A similar approach has also been taken by Aurora Innovation. Its vehicle operators are collaborating with its triage and labeling teams. In an email to MIT Technology Review, the company’s CEO and co-founder Chris Urmson, wrote that this approach is enabling them “to mine our massive collection of manual and autonomous driving data for additional interesting on-road events that can be turned into virtual tests”. Operators are also now more aware of how the data they collate is used offline. This data will enhance the ability of the operators to do their jobs when time comes to go back on the road.

Autonomous vehicle companies have had to become creative to overcome the obstacles of not being able to test their products in real-life. Embark, for example, put its money into software for testing hardware components offline – an investment which Brandon Moak, CTO and co-founder of Embark Trucks, feels will put his firm in good stead. The software his team developed permits hardware components to be tested offline to assess the vehicle control systems, namely “responsible for sending physical commands, like how fast to turn the steering wheel,” explains Field.

Lyft: back on the road

While the situation remains uncertain, particularly with regards to Covid-19 infection rates being extremely high in the United States, Lyft has begun to once again test its vehicles on public roads in California. Robert Morgan, Director of Engineering and Sameer Qureshi, director of product management at Lyft Level 5 – the autonomous vehicle division of Lyft, write in their article on Medium, Continued Momentum Through Simulation: “We’re excited to announce that our autonomous vehicles (AVs) are back on the road and that, during the shelter in place, we continued to make progress by doubling down on simulation. Simulation is an important part of our testing program, enabling us to test beyond road miles.”

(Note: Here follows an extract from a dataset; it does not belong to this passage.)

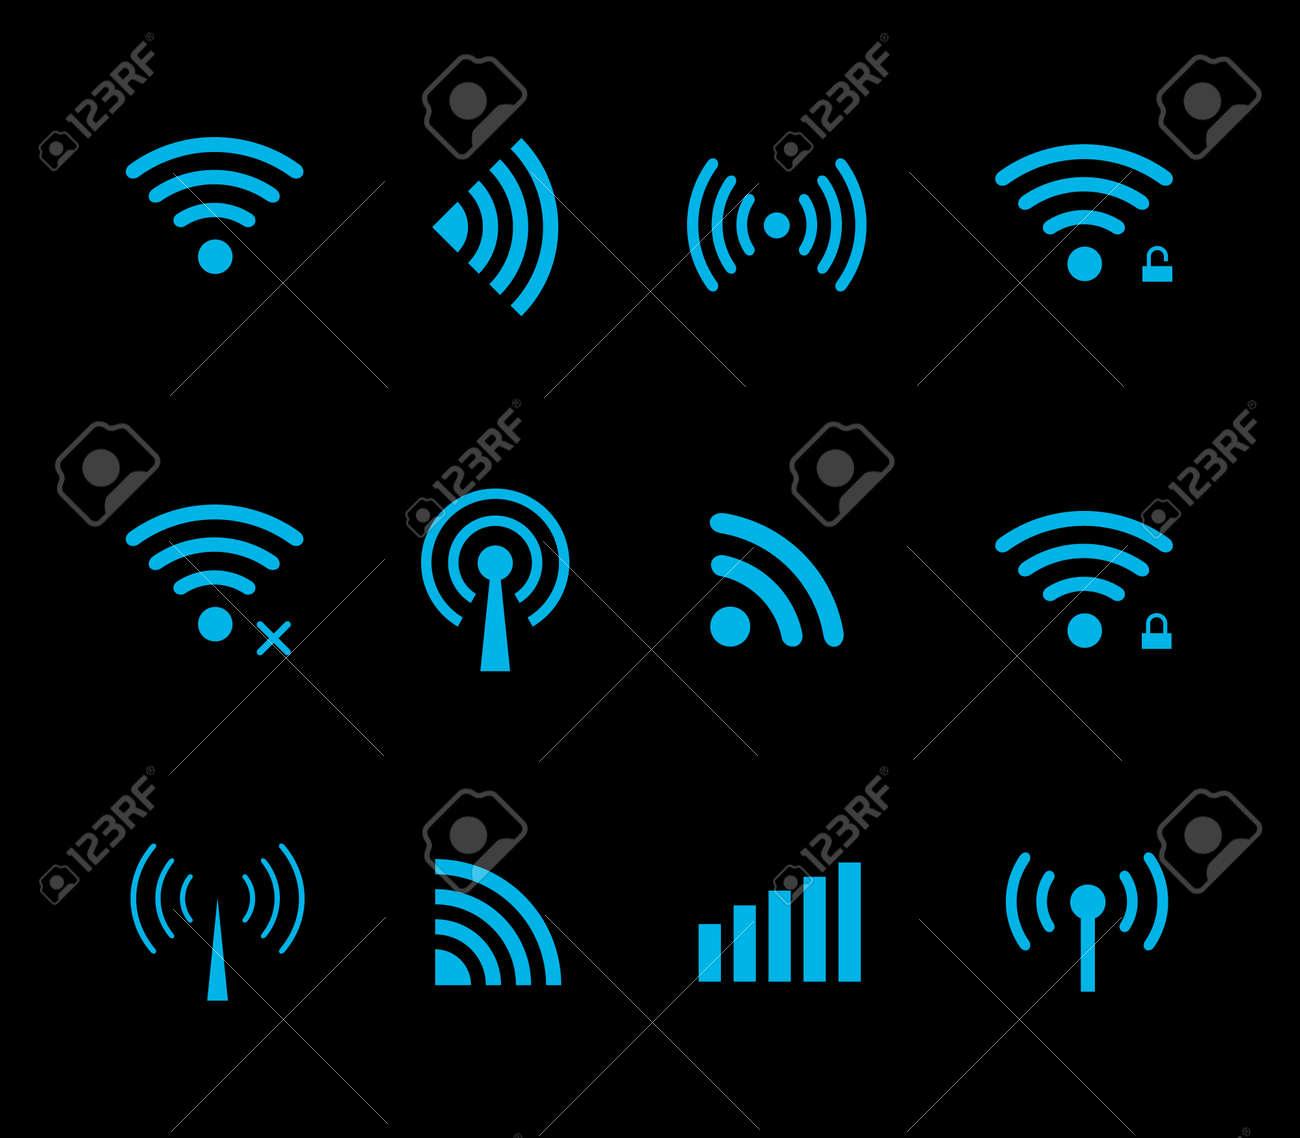 Neon futuristic vector wireless and wifi icon for remote access and communication via radio waves. Wireless logo. Set of indicators. Wi-fi logo. Remote icon. Bar element, internet load. Free wifi icon - 55017714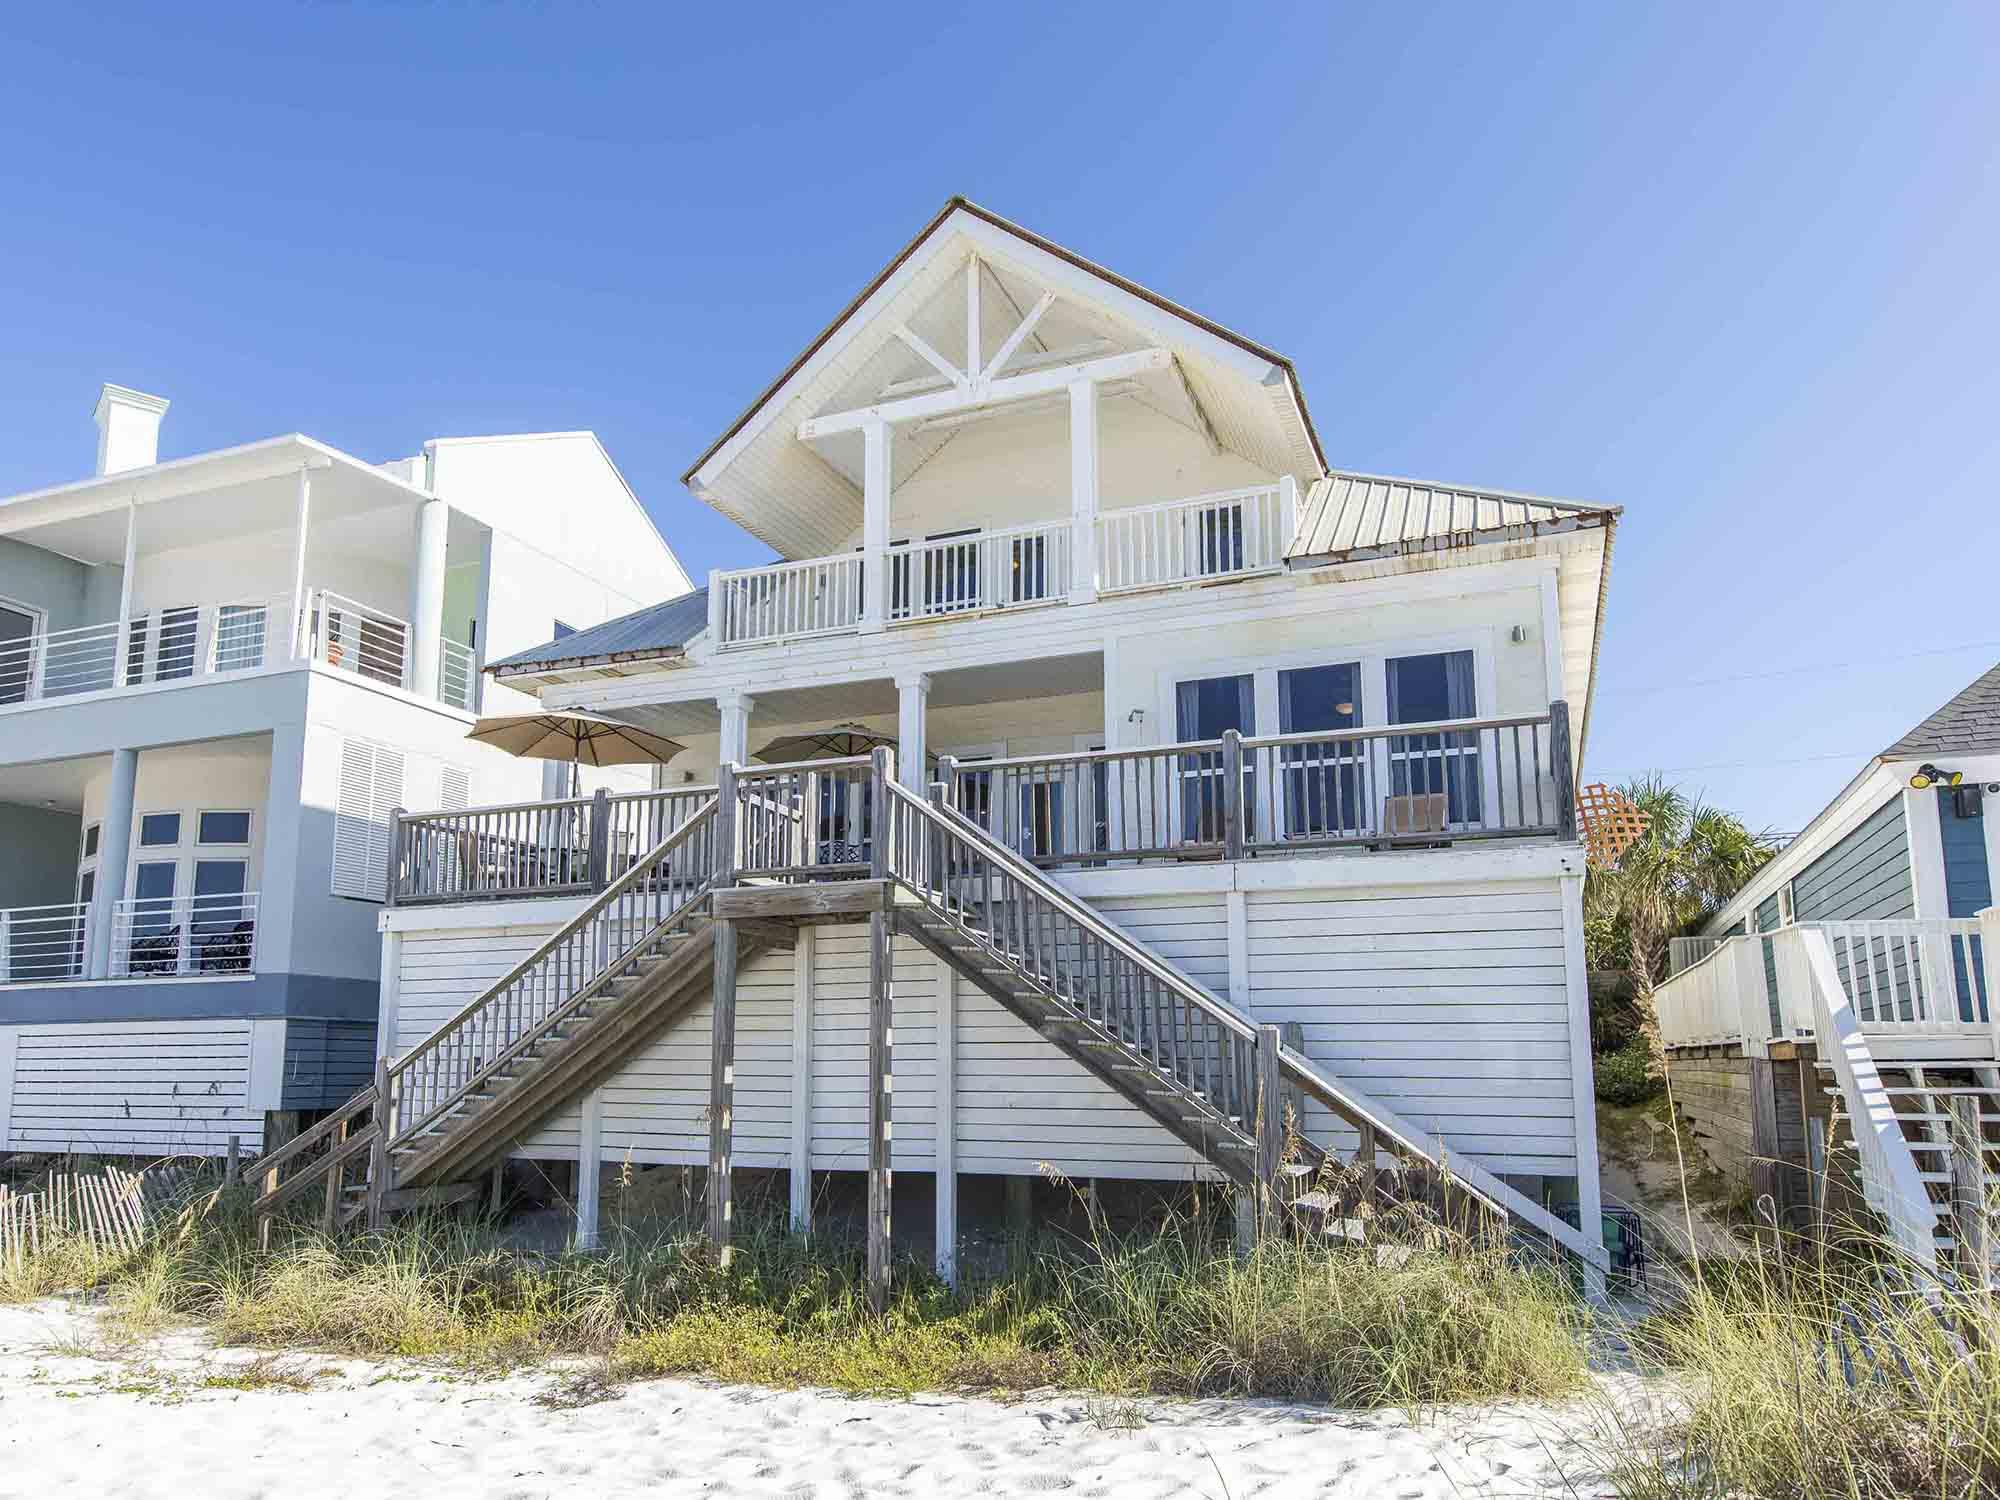 Spring break vacation home rentals in Panama City Beach

The nevertheless add: “If reliant upon on-road miles, it may take some number of billions of miles to test everything. Simply put, the scale makes it impractical to rely only on road miles. Therefore, we supplement our on-road testing with simulation, which gives us a cost-effective way to create additional control, repeatability and safety. It also allows us to test our work without vehicles, without leaving our desks, and for the last few months, without leaving our homes.”

Once the lockdowns are over, more and more autonomous vehicle testing on track and on public roads is likely to occur. Autonomous vehicle developers need to test the vehicles in real-life conditions and apply the lessons from both to improve the development of CAVs. To do this they can use the data they collated during lockdown to test it in real-life.

UK trials unveiled

To this end, in the UK, plans were unveiled for a 180-mile test road for autonomous vehicle trials in the Birmingham, West Midlands, area. The road, it is hoped, will be available to car manufacturers and technology firms later this year, 2020 – once Covid-19 has been brought under control.

This will need to occur to a reasonable level because the first vehicles used on the route between Birmingham and Coventry won’t be driving themselves in the early stages of the road trials. They will have a human driver, and occasionally – and this is where social distancing could be an obstacle, they will need a second person accompanying them to monitor their performance.  So, there are still some potentially challenging times ahead, and as a result they may still need to find new life in old data.